Using a GRIM method to find unlikely published results

Discovering which published studies may be incorrect or fraudulent takes some work and here is a newer tool: GRIM.

GRIM is the acronym for Granularity-Related Inconsistency of Means, a mathematical method that determines whether an average reported in a scientific paper is consistent with the reported sample size and number of items. Here’s a less-technical answer: GRIM is a B.S. detector. The method is based on the simple insight that only certain averages are possible given certain sets of numbers. So if a researcher reports an average that isn’t possible, given the relevant data, then that researcher either (a) made a mistake or (b) is making things up.

GRIM is the brainchild of Nick Brown and James Heathers, who published a paper last year in Social Psychological and Personality Science explaining the method. Using GRIM, they examined 260 psychology papers that appeared in well-regarded journals and found that, of the ones that provided enough necessary data to check, half contained at least one mathematical inconsistency. One in five had multiple inconsistencies. The majority of those, Brown points out, are “honest errors or slightly sloppy reporting.”…
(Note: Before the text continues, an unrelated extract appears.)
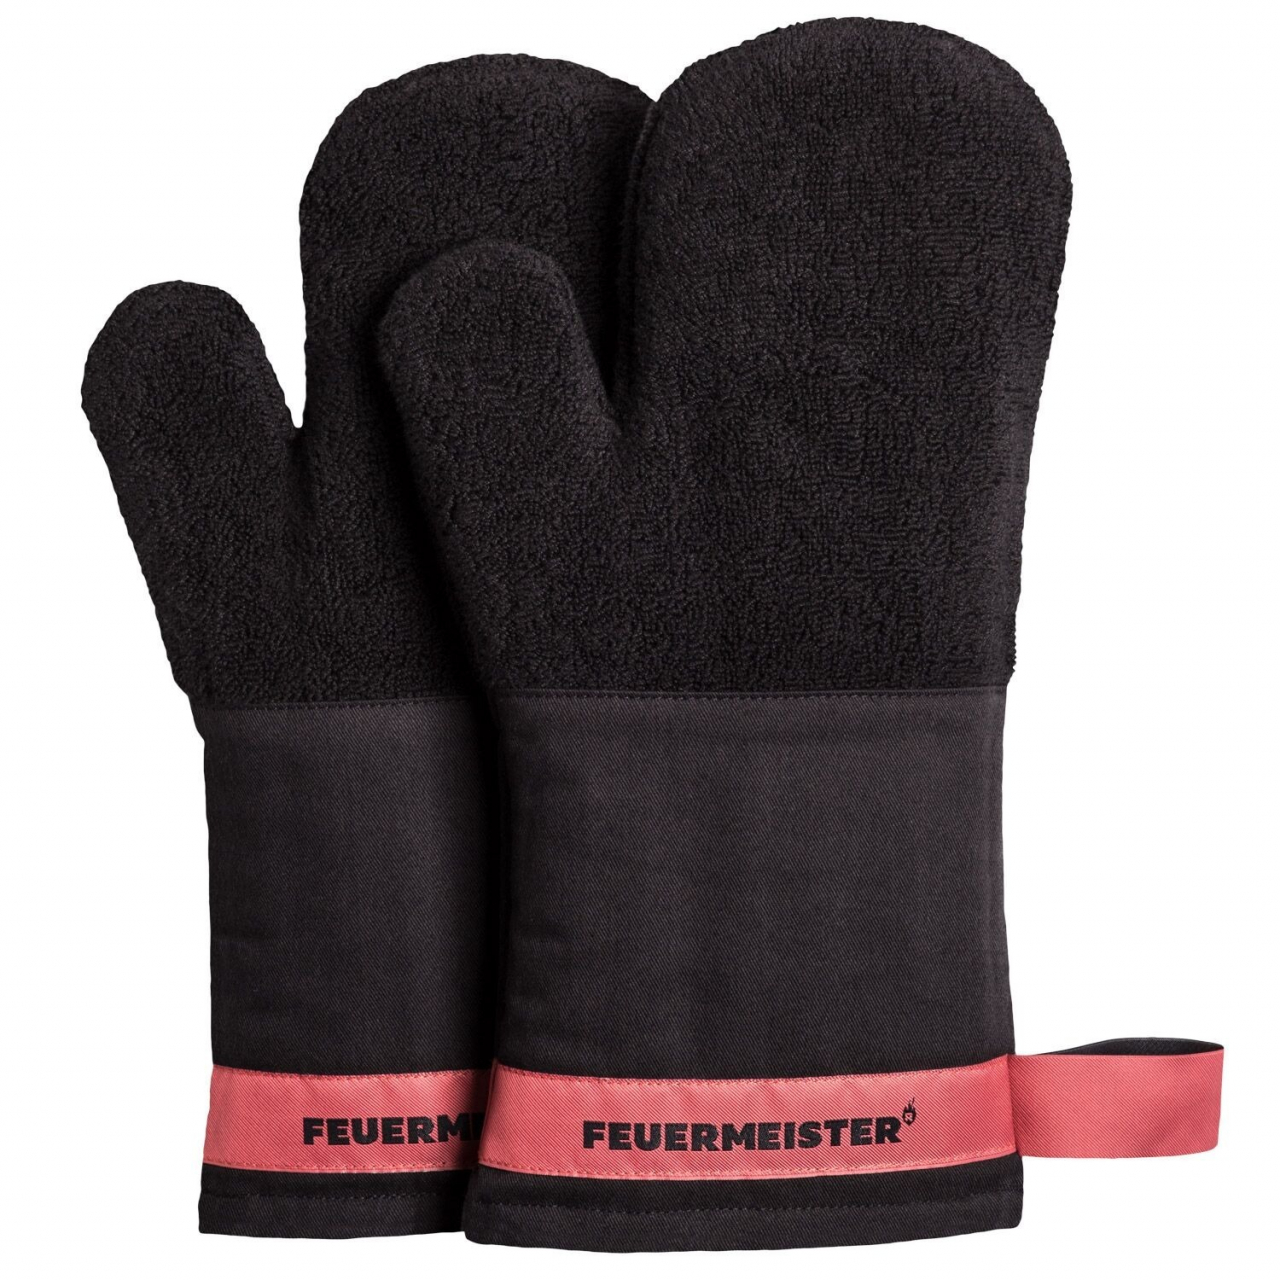 Kuchyňské rukavice Feuermeister Premium - černé, 10

After spotting the Wansink post, Anaya took the numbers in the papers and — to coin a verb — GRIMMED them. The program found that the four papers based on the Italian buffet data were shot through with impossible math. If GRIM was an actual machine, rather than a humble piece of code, its alarms would have been blaring. “This lights up like a Christmas tree,” Brown said after highlighting on his computer screen the errors Anaya had identified…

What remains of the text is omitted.